At the beginning of February we found the courtyard piled high with snow, its chill glow spreading into the rooms and reflecting the sun's light. The nights too were lighter now; from my bedroom I could see the moon sail by in the sky as though through the porthole of a spaceship, its oceans taking on the form of faces I seemed to recognise before falling into the cloudy embrace of sleep. I often woke up with the strange impression that I could hear voices, or some noise in the room, some distant shout that had made its way across the ether and had come to die within these walls. I even went as far as checking the cupboard and bathroom, rummaging around under the bed, without the faintest idea of what I was looking for. I ended up by thinking that all that light must have disturbed my sleep; I pulled the curtains to as best I could and stopped thinking about it. It was at that time that Kwiatkowski disappeared; he failed to turn up for supper for several evenings on end; then Frau Goldstein spilled the beans.

‘He's had an attack; it's serious, he's got to do an intensive course in Seroan until further notice. Doctor Barnung even thinks he might have to be transferred to a psychiatric hospital,' she explained to us in hushed tones, then left the room. We'd seen the last of the colonel at table, and we all suffered from it; conversation languished, Ortega no longer had anyone to tangle with. Even Vidmajer would glance up from his plate and cast a bewildered look around the room; Vandekerkhove could no longer engage so satisfyingly in his ramblings; he no longer had a foil, and he soon ran aground, repeating himself like a stuck gramophone record, stuttering over the last disordered words of a speech of which he'd lost the thread.

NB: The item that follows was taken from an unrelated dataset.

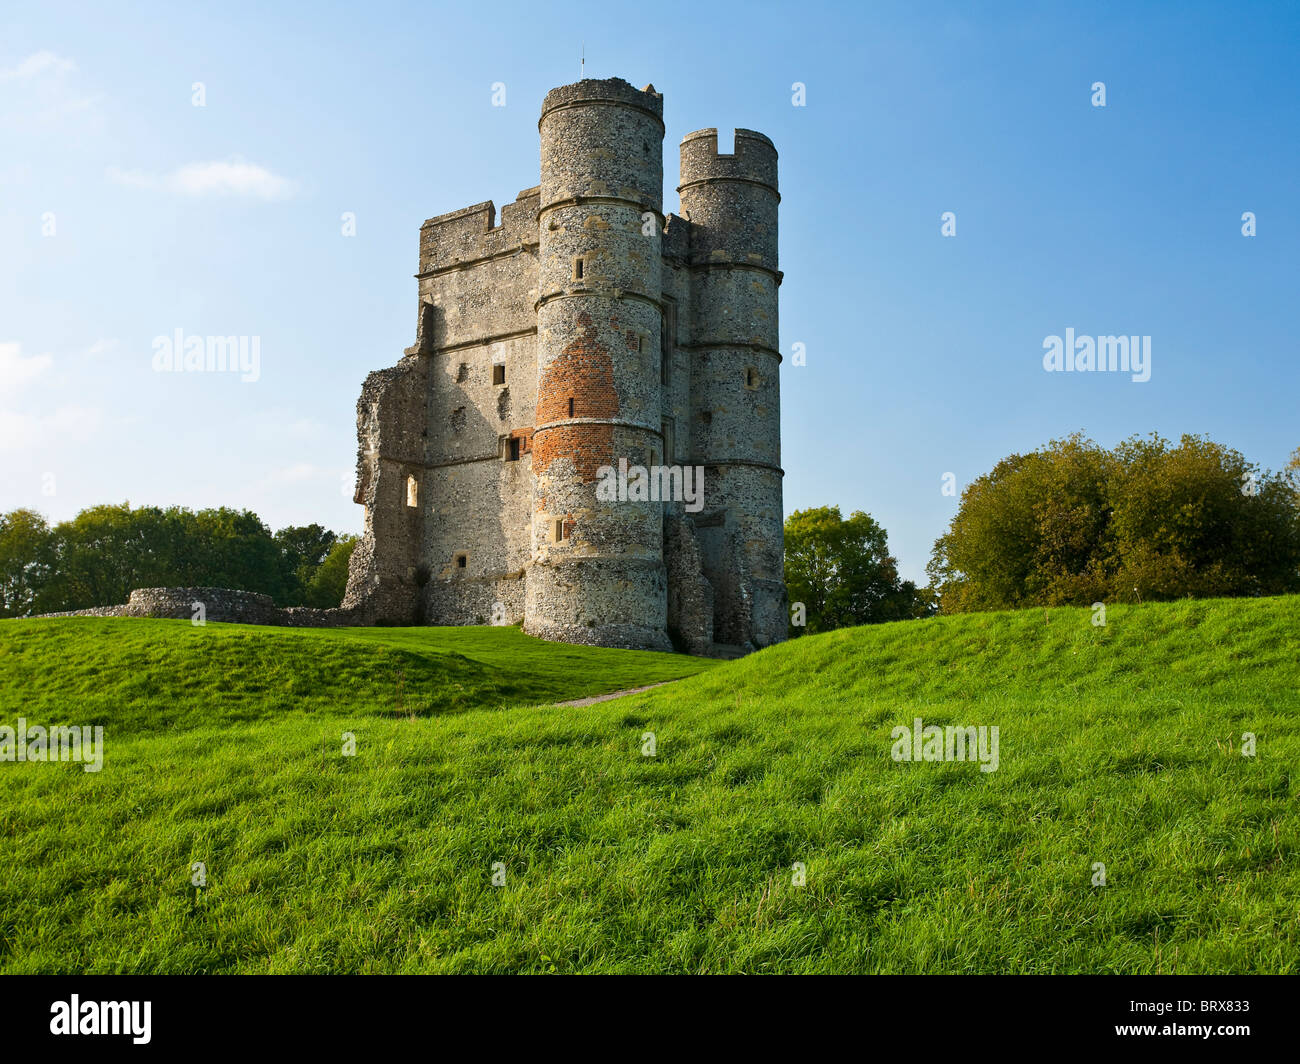 Ruins of Donnington Castle built in 1386 by Sir Richard Adderbury near Newbury Berkshire. Only the gatehouse remains Stock Photo
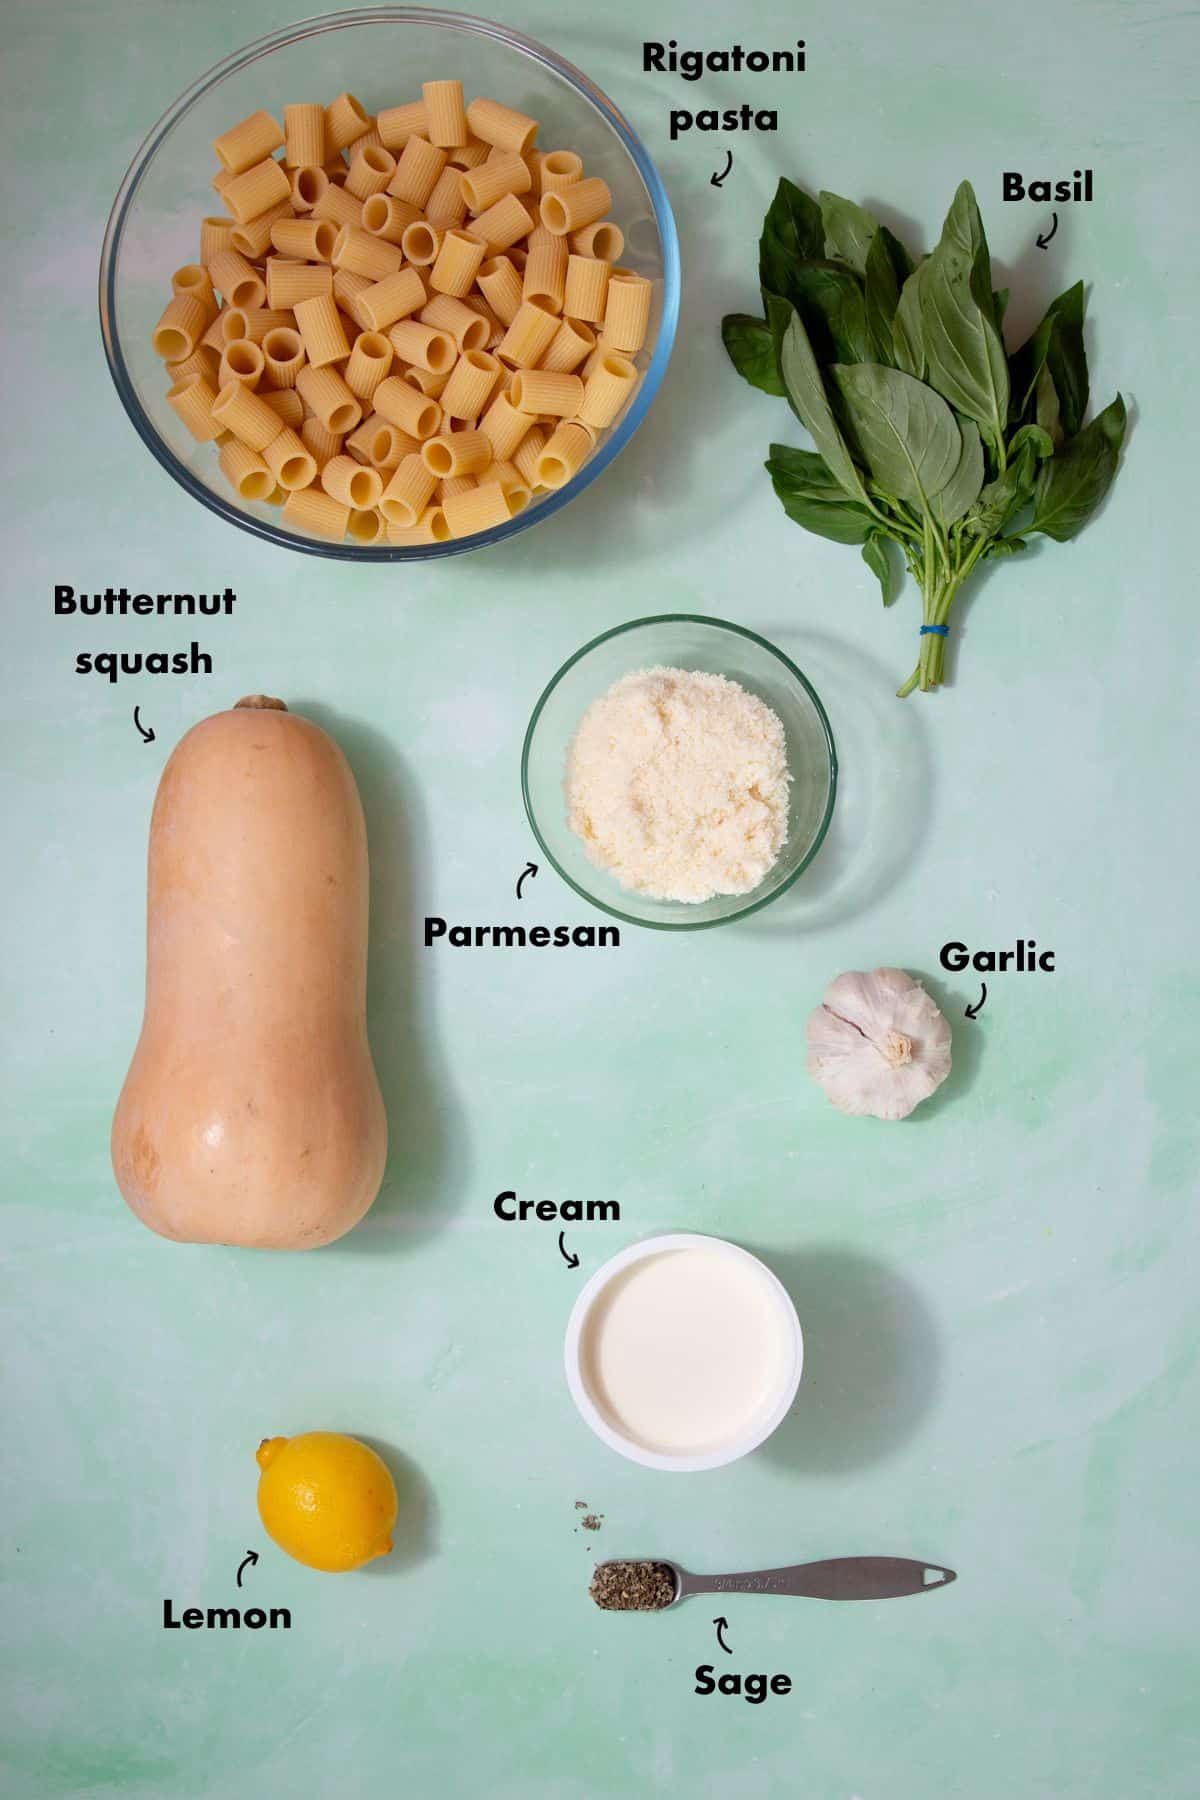 Ingredients to make butternut squash pasta laid out on a pale blue back ground and labelled.

Roxana too missed Kwiatkowski; she had a blank look about her, though her air of habitual guardedness seemed less pronounced. But she was clearly more deeply troubled by something else, and I could not imagine what it was. She no longer went to chat with Mrs Vukobrat after supper, no longer attended the Thursday recitals; she would rush up to her room without even saying goodbye to her friend, who would be waiting for her in her usual armchair with her glass of herbal tea steaming before her on the little table with its fussy doilies. Roxana, my mysterious friend, had changed beyond recognition: she no longer talked to me, not even at table; she scarcely glanced in my direction. Mrs Vukobrat too was surprised by this development and would cast me inquiring looks, to which I would respond nervously with a quick shake of the head. Roxana even seemed to shun me when it came to our therapeutic activities; each afternoon, at the end of the intensive course in German, in order to avoid being alone with me in the corridor, she would make some excuse to have herself escorted back to her room by the nurse, looking at me out of the corner of her eye as she crept off, as though afraid that I might follow her. In the gym she always tried to find a place as far from me as possible, and she was always the first to leave her desk and scuttle off when the bell rang.